So… I bought a Samsung 860 EVO 500 GB V-DAND SSD, installed it in a desktop PC via a mounting bracket, started using it, and it appeared to be doing fine. But, upon further inspection, I found out that it was having problems. First of all, they appeared to be performance problems. But, upon closer inspection, I saw the drive was having trouble with SATA communication errors. What gives? Searching around on the Internet, I found insight. The Samsung 860 EVO’s SATA controller is not compatible with my particular AMD SATA controller. Samsung has been blaming AMD for having a buggy controller and refusing to make a firmware upgrade on their side to work around the bugs.

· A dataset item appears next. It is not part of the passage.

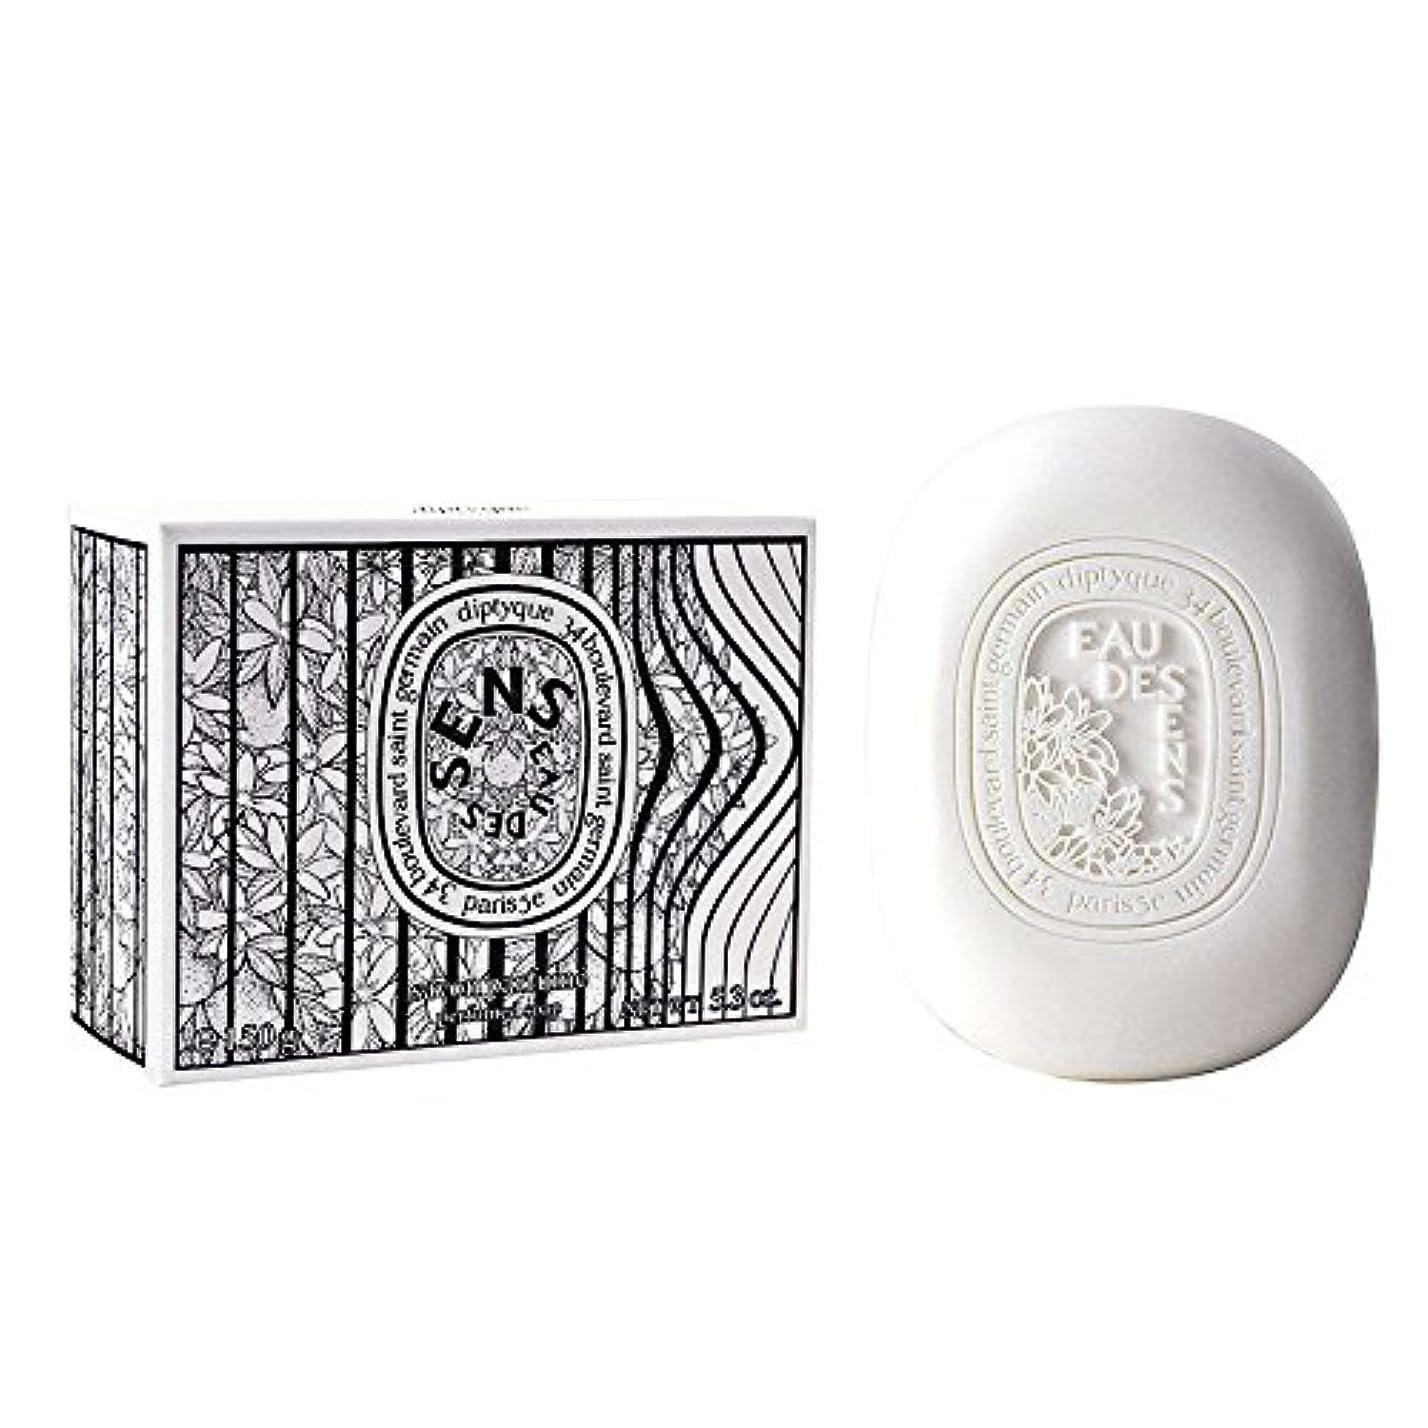 素晴らしいです計り知れない囲むDiptyque Eau Des Sens (ディプティック オー デ センス) 150g Soap (石けん) for Women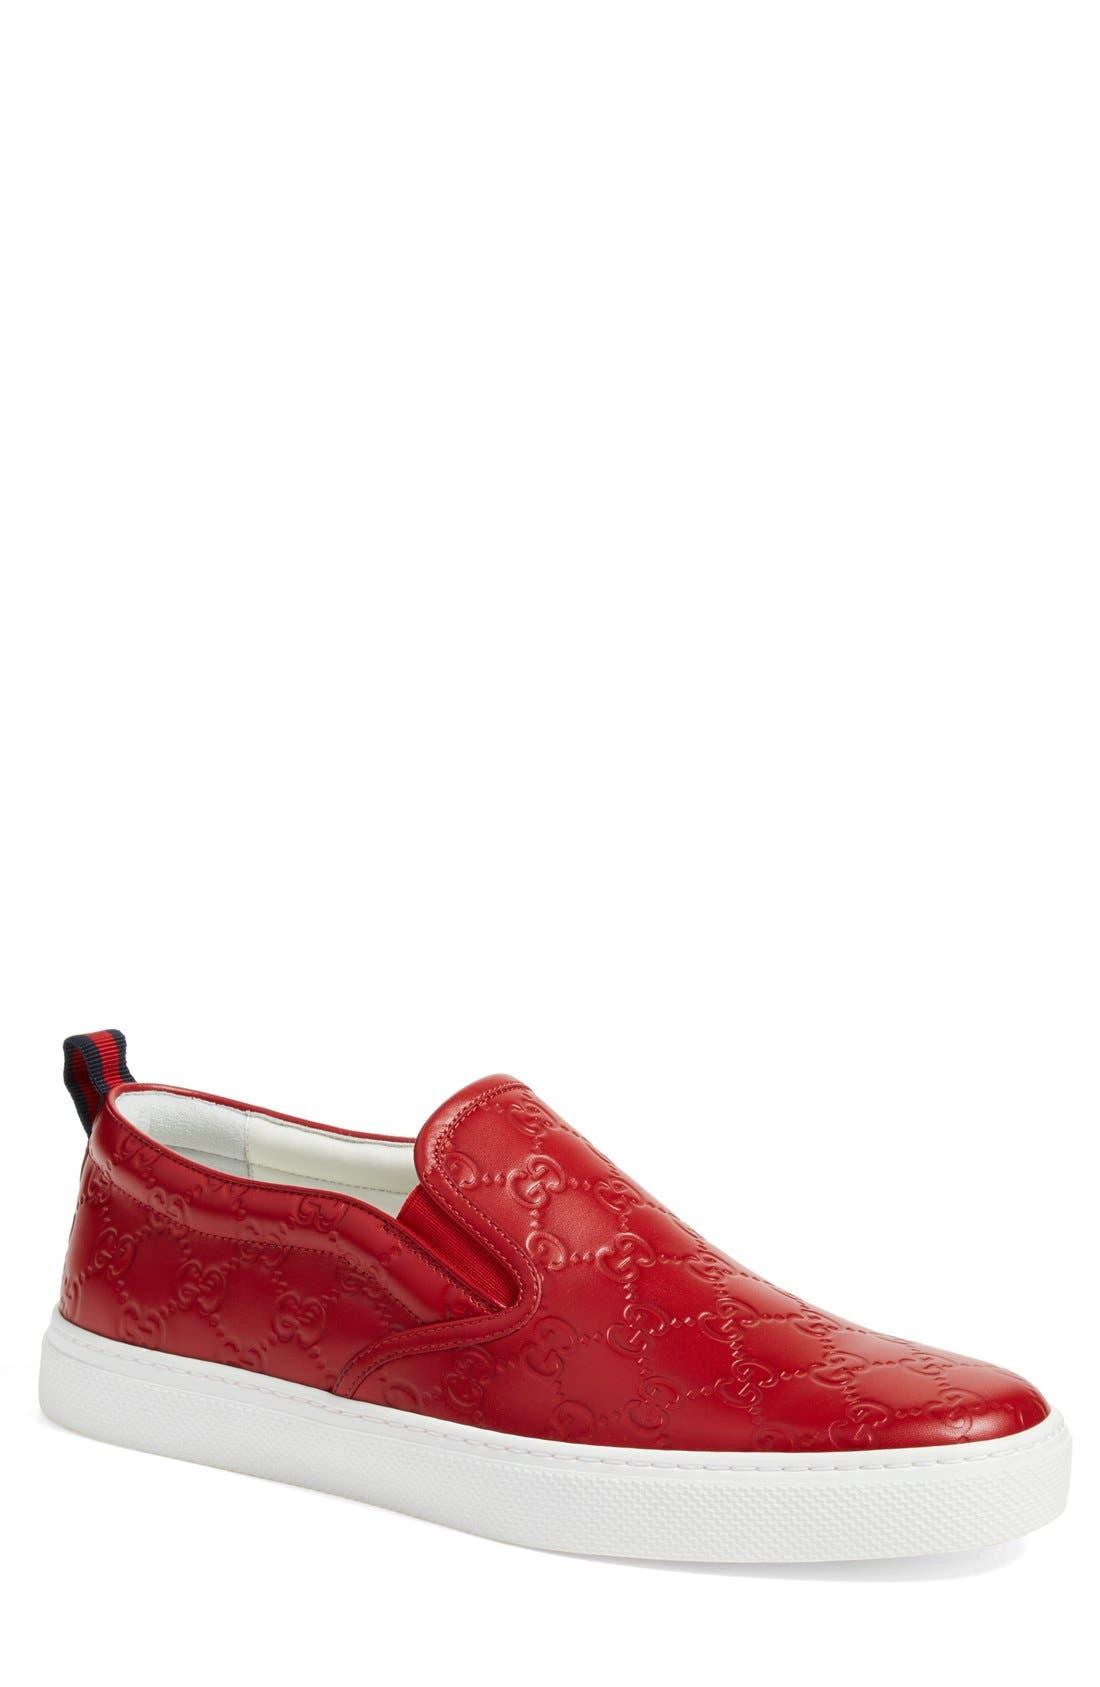 Dublin Slip-On Sneaker,                             Main thumbnail 15, color,

So, for many folks, this means returning the Samsung SSD to the retailer they purchased from and replacing it with a different brand name SSD, and this solved the problem. Well, that’s really a bummer. In my case, the choice is between returning and replacing with a different brand or swapping with a Crucial brand SSD I have in a different system that is about the same capacity.
20200120/DuckDuckGo linux ata log page reported inactive tag
20200120/https://eu.community.samsung.com/t5/Cameras-IT-Everything-Else/860-EVO-250GB-causing-freezes-on-AMD-system/td-p/575813
Indeed, my lspci
output show the following:
00:11.0 SATA controller: Advanced Micro Devices, Inc. [AMD/ATI] SB7x0/SB8x0/SB9x0 SATA Controller [AHCI mode]
So I very likely do have one of the problematic AMD 9xx chipset SATA controllers.
And… my final choice? I decided to do a swap with my existing Crucial drive. This was a real bummer because the newer drive was a few gigabytes smaller than the older one, and that meant I needed to shrink my biggest partition, my XFS partition. Alas, the XFS filesystem doesn’t have good offcially supported tools for shrinking, which meant that I had to create a new XFS filesystem and copy all my files over, via rsync. Bummer… but hey, it worked okay, and all is well. The AMD-based PC is not complaining with the Crucial SSD, and the Intel-based laptop is working fine with the Samsung 860 EVO SSD.